- _GIVEN INFORMATION_
═══
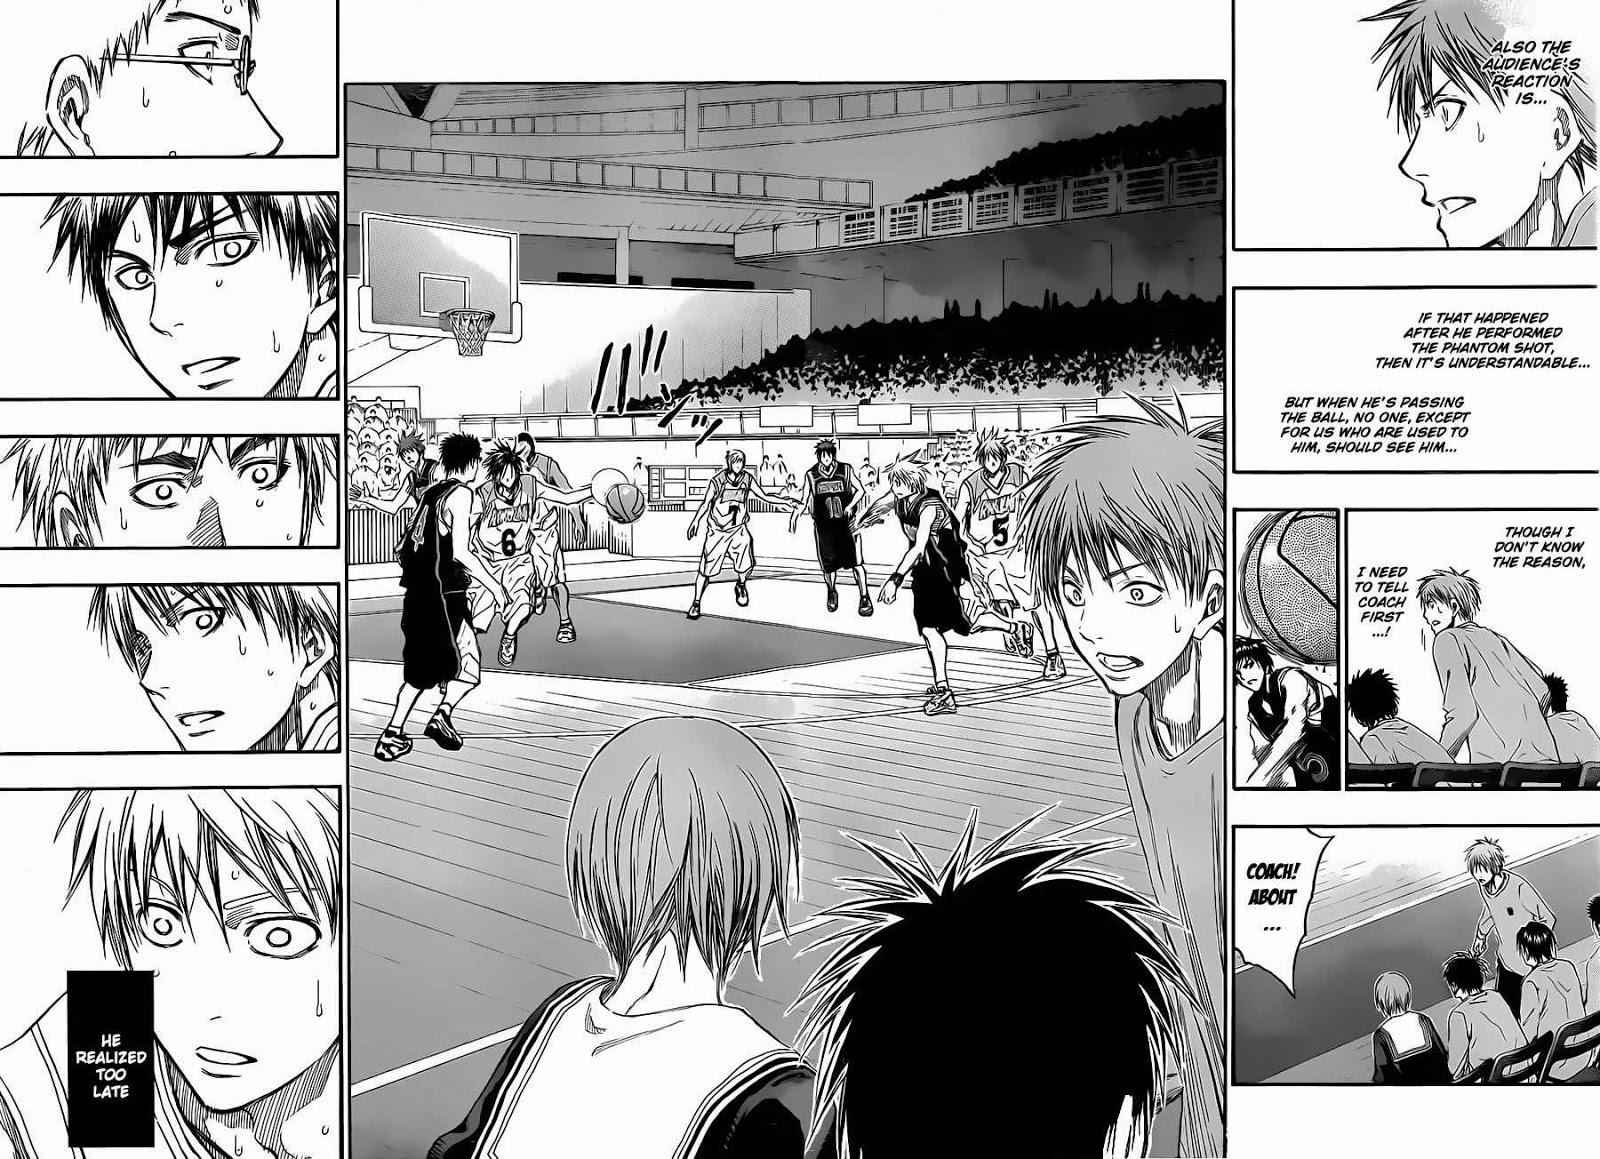 Kuroko no Basket Manga Chapter 236 - Image 13-14
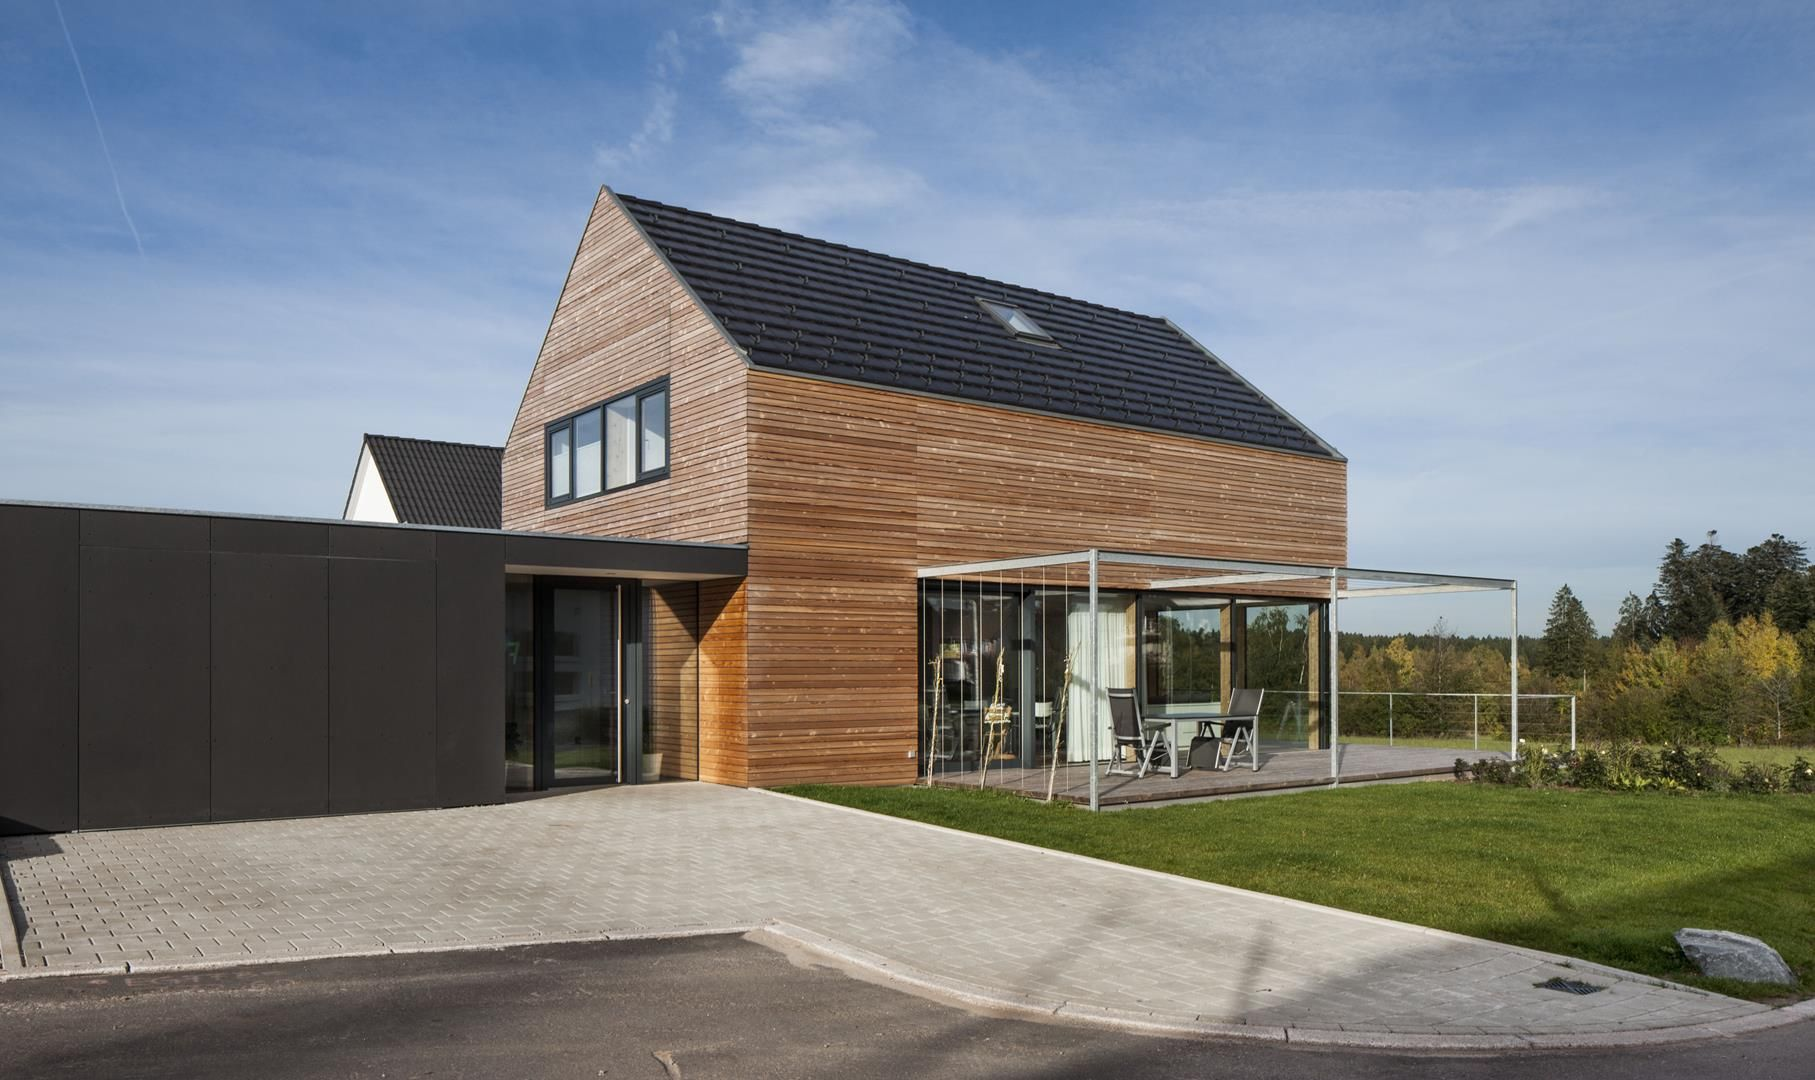 1000+ ideas about Moderne Holzhäuser on Pinterest Glasdach, Log ... size: 1815 x 1080 post ID: 8 File size: 0 B
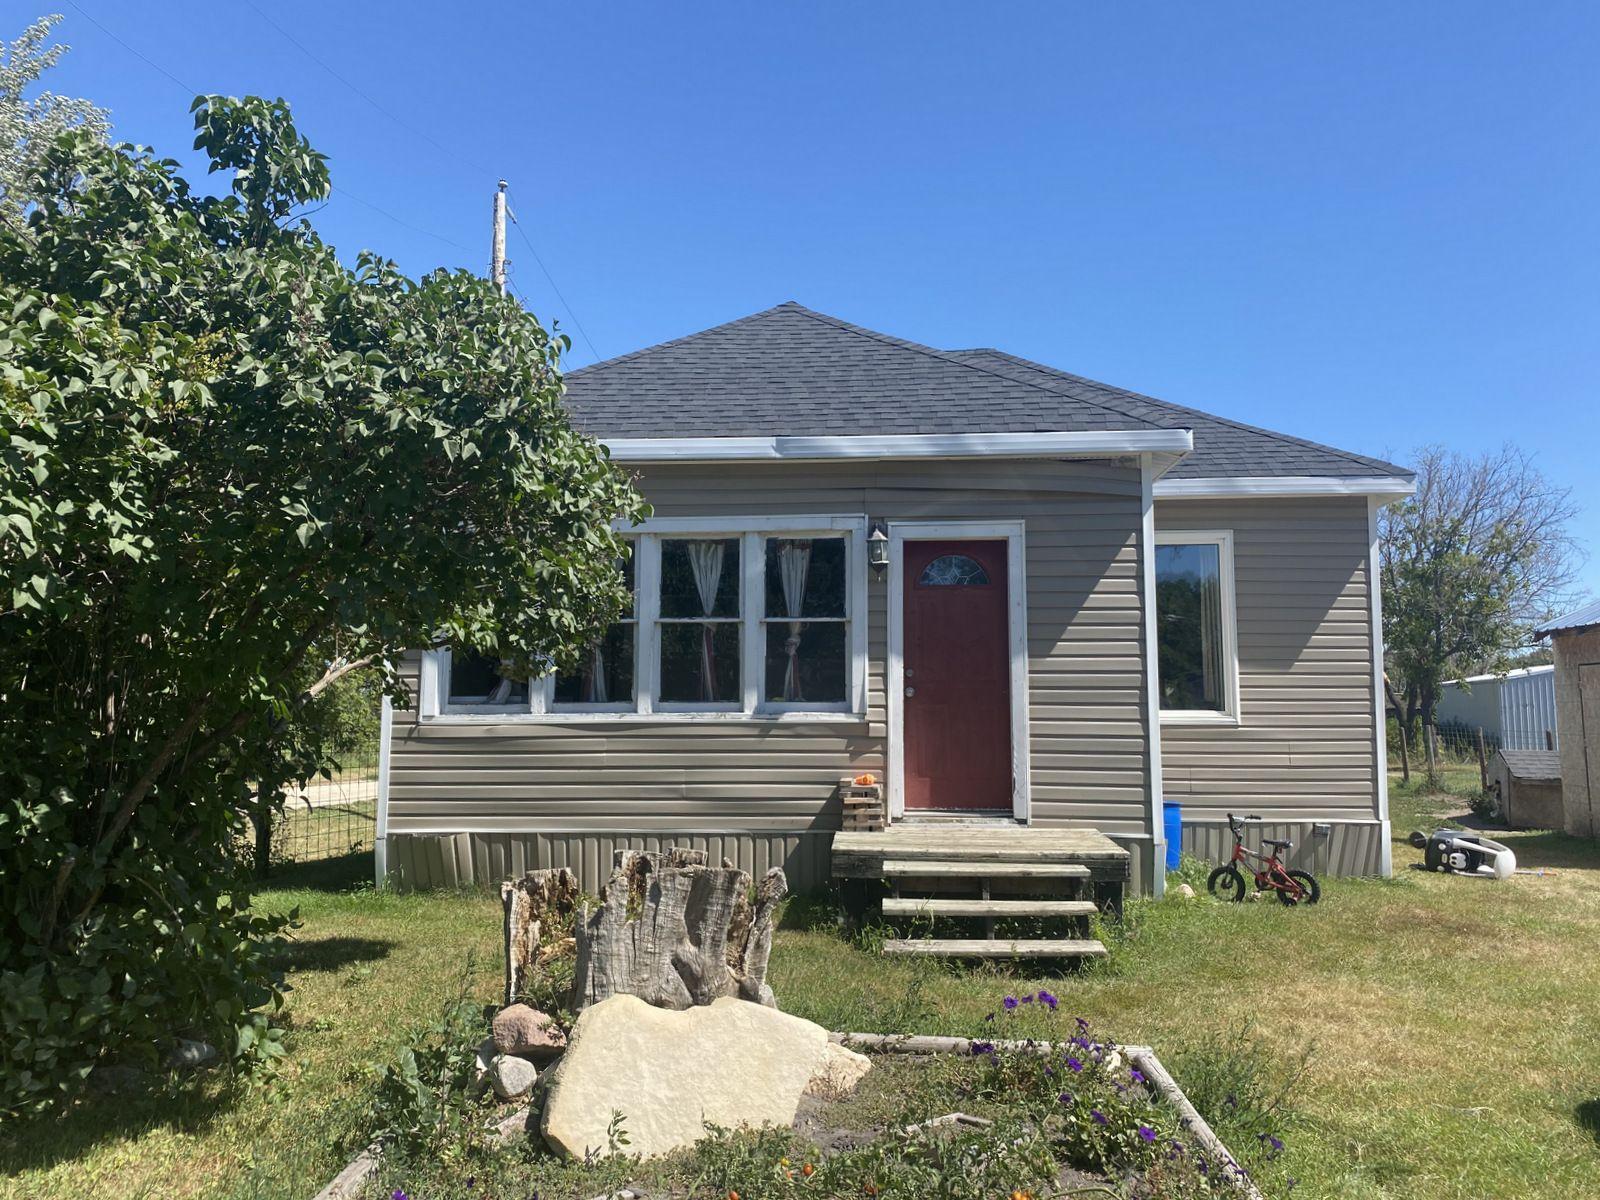 Main Photo: 65091 PR 242 Highway in Bagot: House for sale : MLS®# 202011564
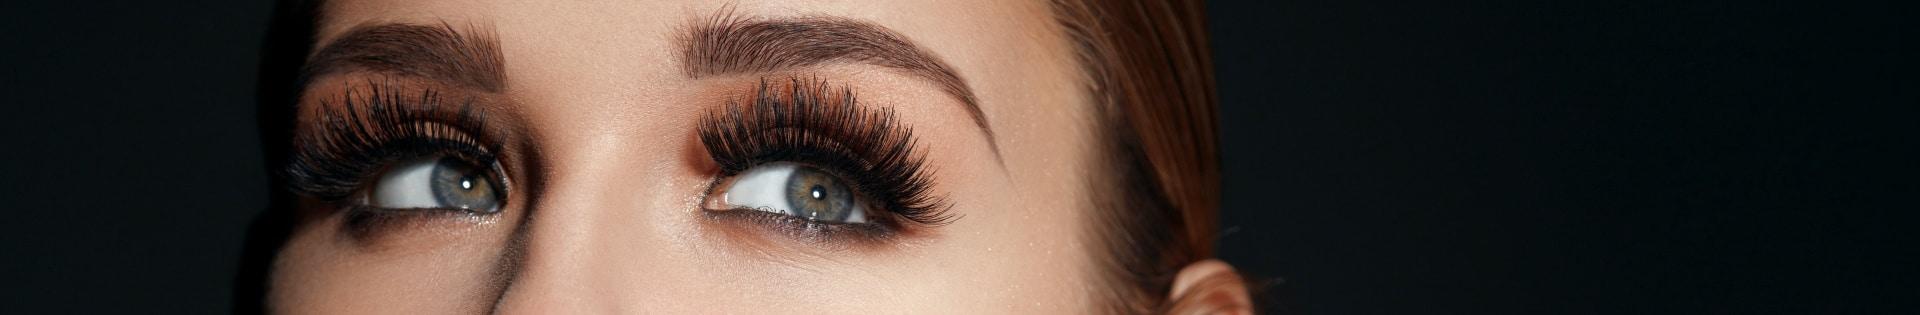 Beautiful woman's eyebrows
═══
- _YOUR TASK_
Retype exactly, please, the span from the line holding "1000+ ideas about" through the closing line of the data, both ends included, without the pictures.

- _SOLUTION TO THIS PROBLEM_
 1000+ ideas about Moderne Holzhäuser on Pinterest Glasdach, Log ... size: 1815 x 1080 post ID: 8 File size: 0 B
 Main Photo: 65091 PR 242 Highway in Bagot: House for sale : MLS®# 202011564
 Beautiful woman's eyebrows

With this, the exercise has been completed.